My sister in law has passed this week. I thought for a long time about whether I would talk about it in this blog, or even post today at all.
She was very close and my own grief is difficult to bear. The grief of my wife and the rest of her blood kin is too much to be told, but never the less we must continue.
She is to be waked today and in the quiet hours before getting ready, I must delve into these writings to keep myself occupied.
I would go into the details of her life and the manner of her death, but just now it is too painful to relate and too far beyond the scope of this narrative.
However, there is an old Irish custom. When there is a death, you must tell the bees. If the bees are not properly put into mourning along with the rest of the household, they may die, or stop giving honey, of flee the hive. It is as important to your household to allow all of its members to go through the process along with you as it is for you yourself.
Herself and I no longer have bees, and there is no tradition that I know of for telling your chickens. Never the less I have informed the flock. They are still giving eggs and going about their business, but in case they notice the change in me, they will understand why.

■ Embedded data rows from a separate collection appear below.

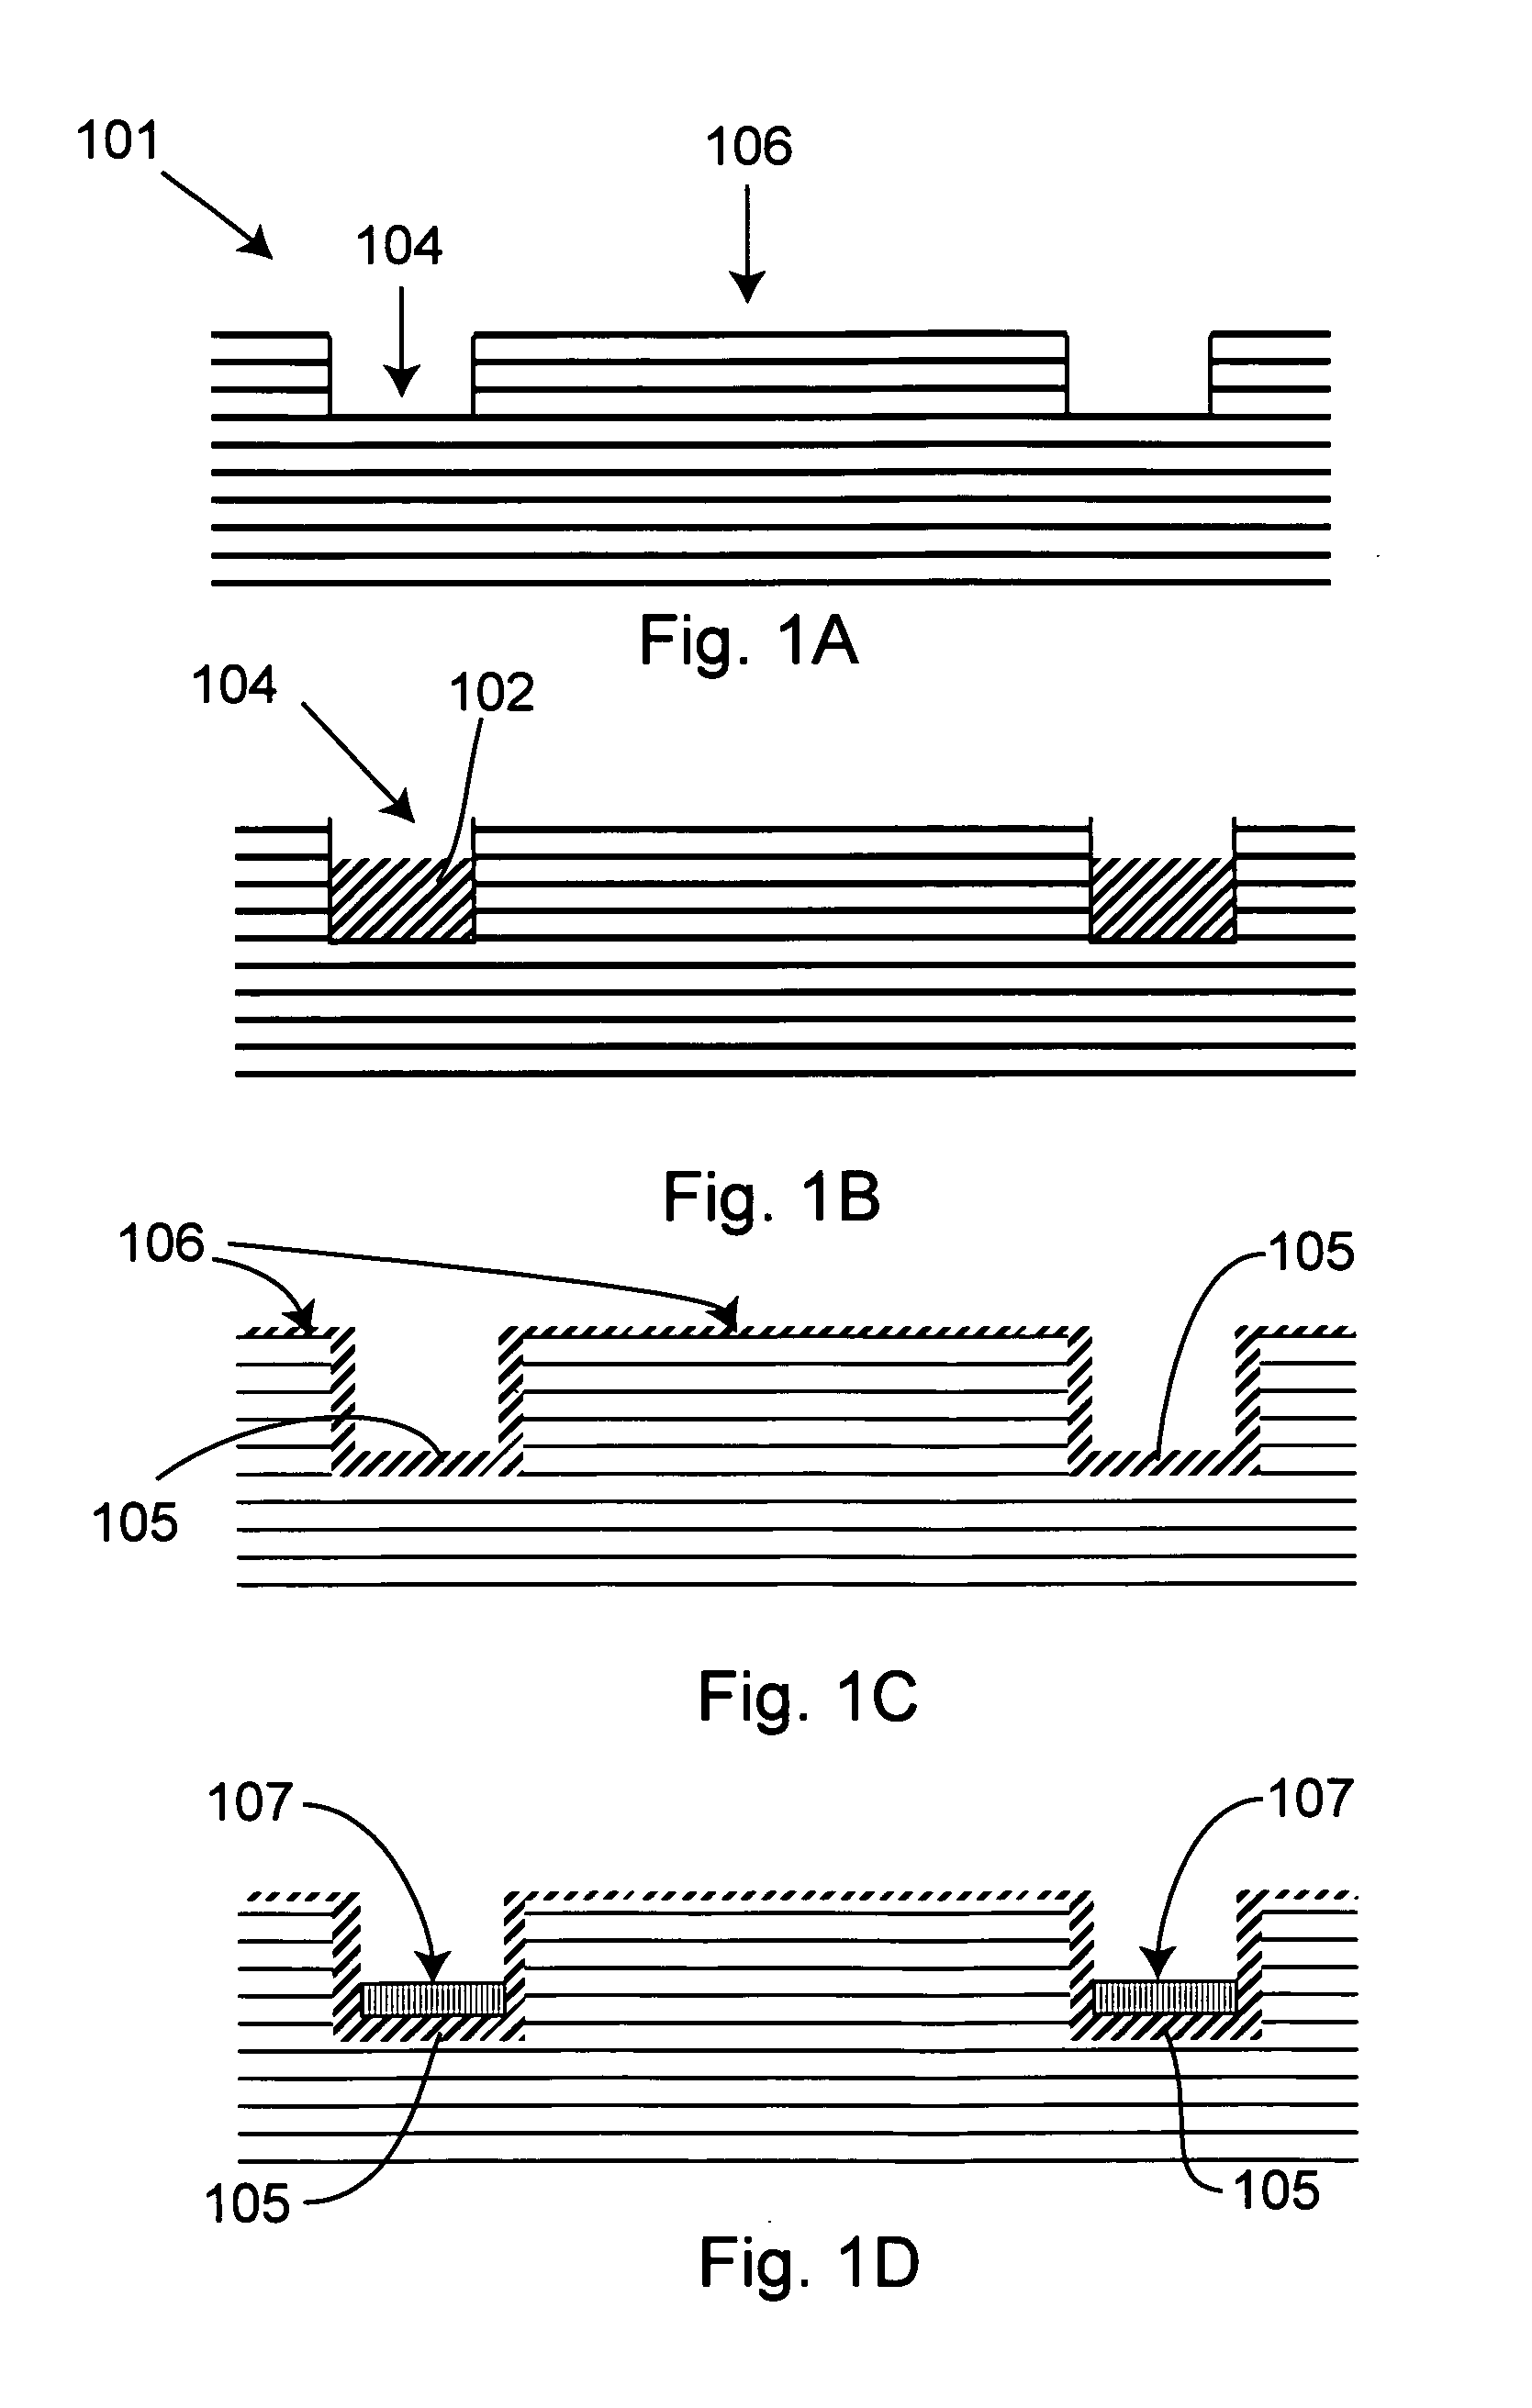 Methods to pattern diffusion layers in solar cells and solar cells made by such methods
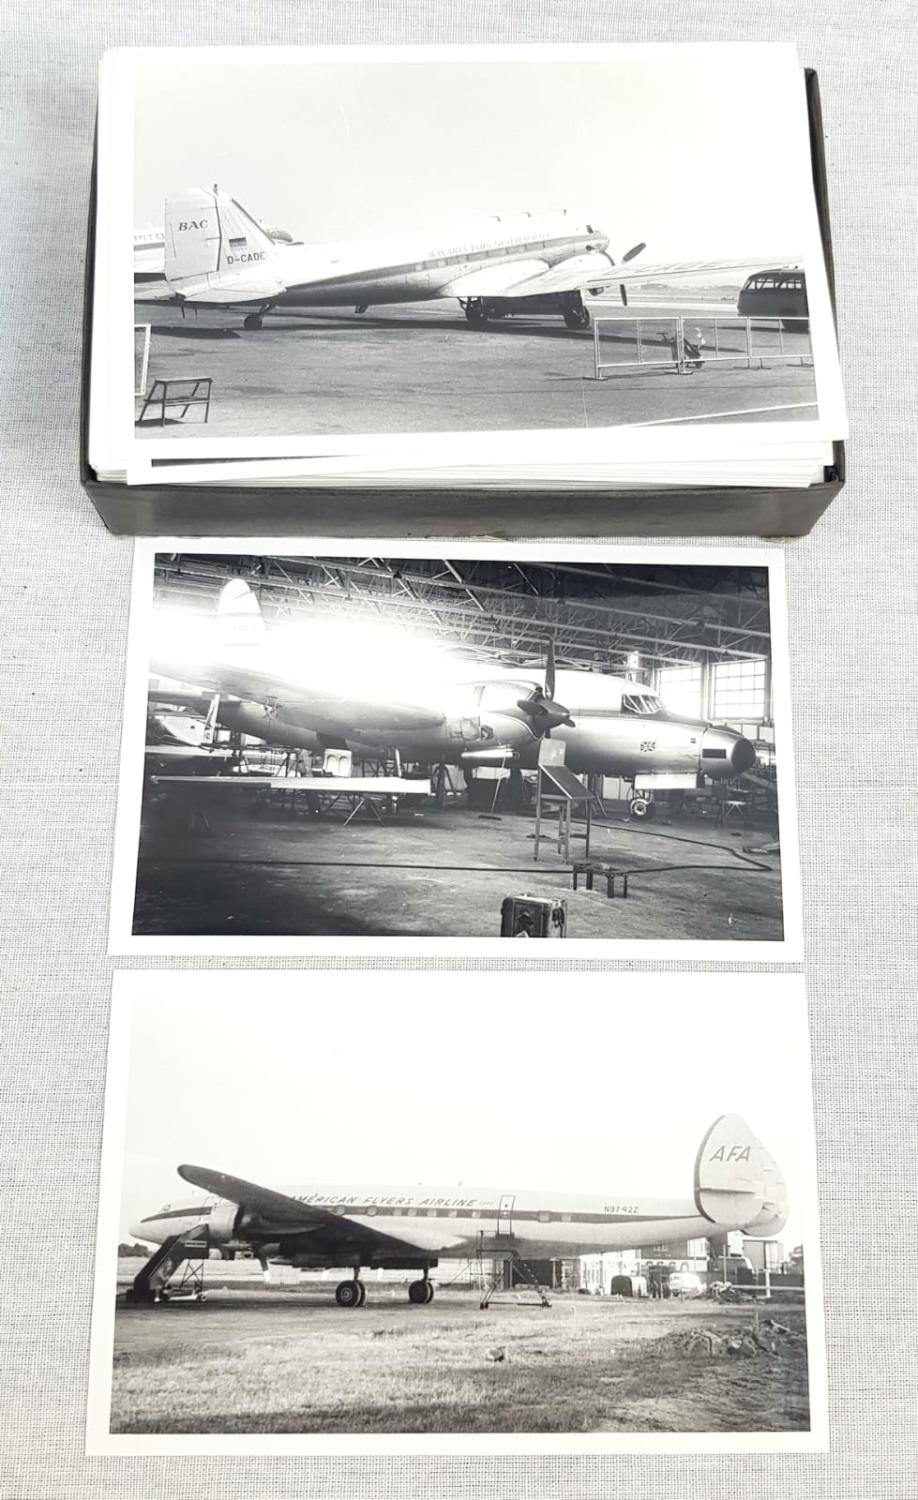 Over 400 Original Black and White Aircraft Photographs. Contains pictures taken from the 1960s to - Image 2 of 4
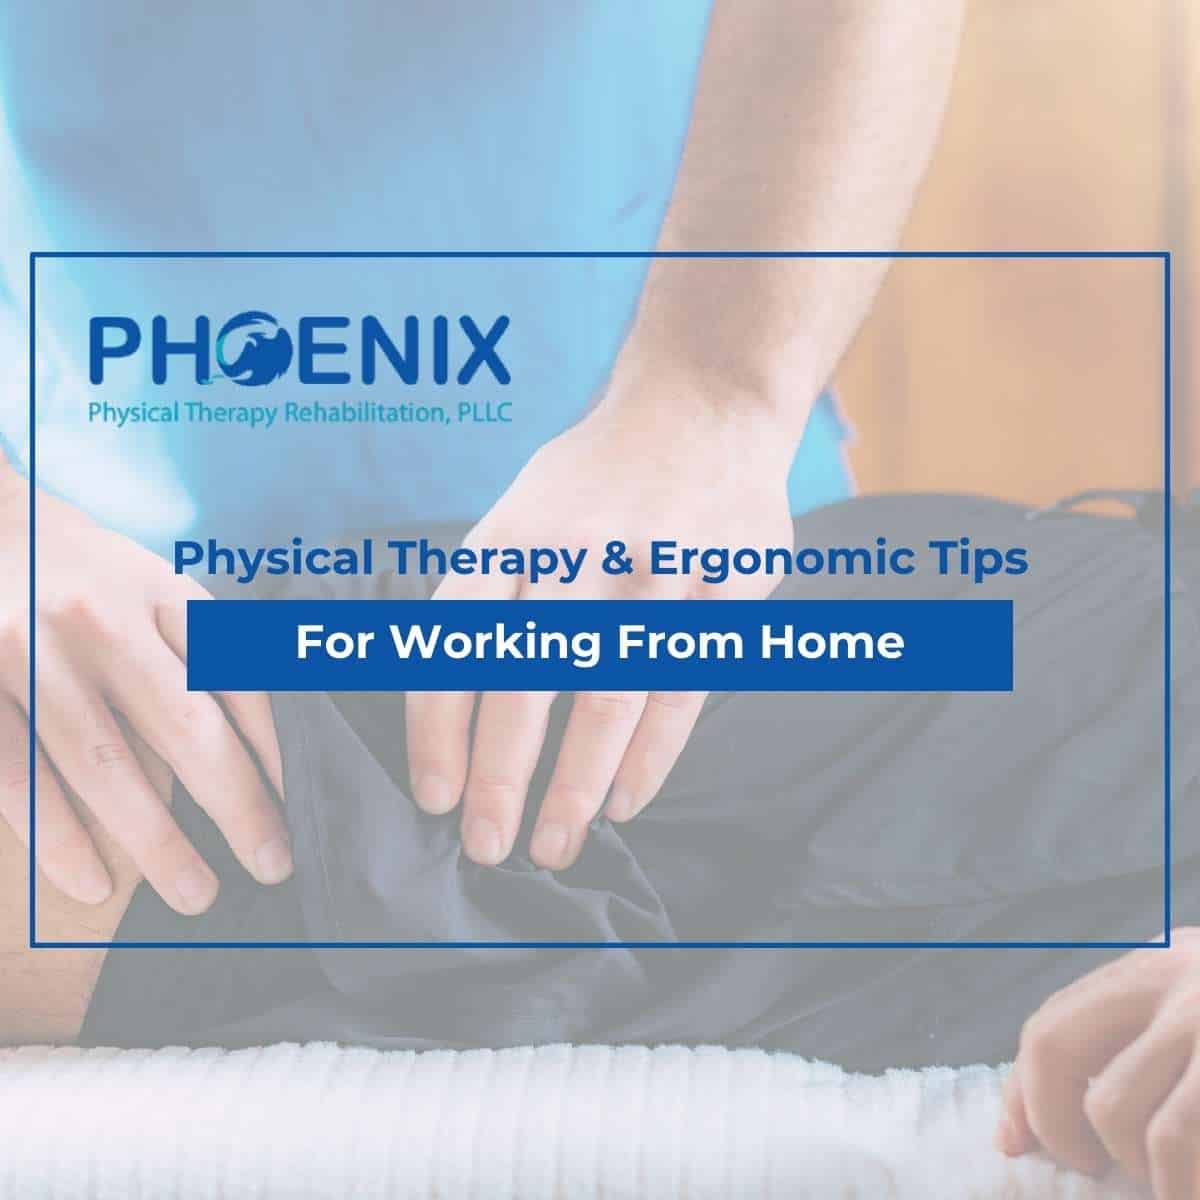 Physical Therapy & Ergonomic Tips For Working From Home
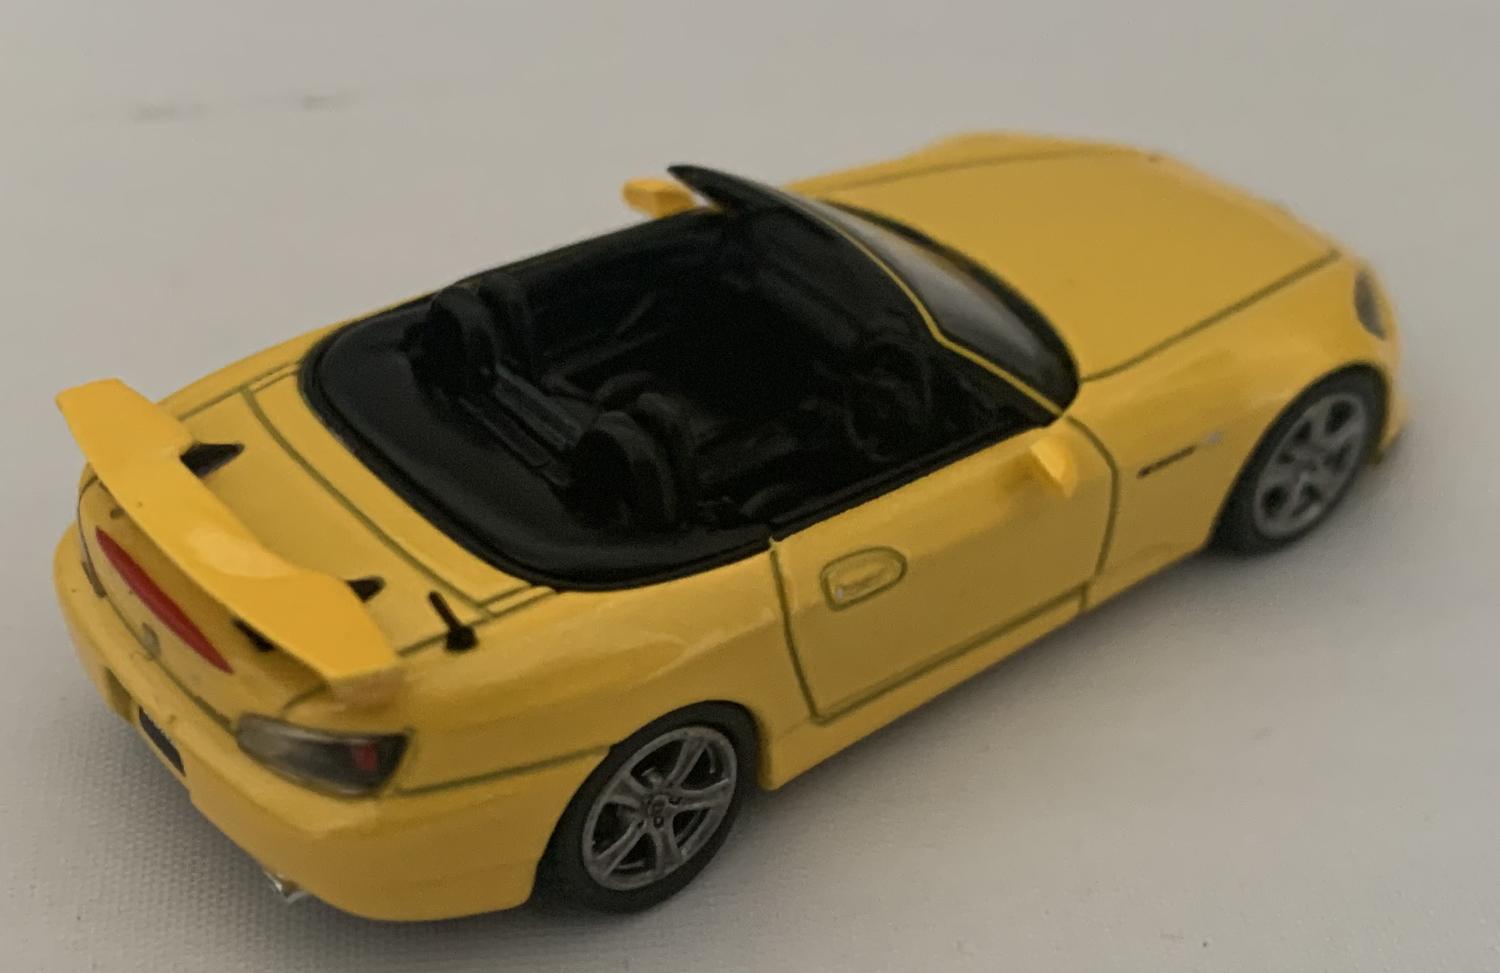 Honda S2000 Type S in new indy yellow pearl 1:64 scale model from Mini GT

What is the measure of the lives that touch you? What is the measure of the lives that you touch? I can never measure the importance of one life over another ... each in their own way I am touched by it all. My heart sings with the sheer joy of it that my life has been touched ... forever changed ... by all of the life in it. Even in facing death, that relationship does not end, but it is merely different now.
I congratulate my sister in law on the completion of a successful life. How do I know it was successful? She loved and is loved. There is no greater mark of success.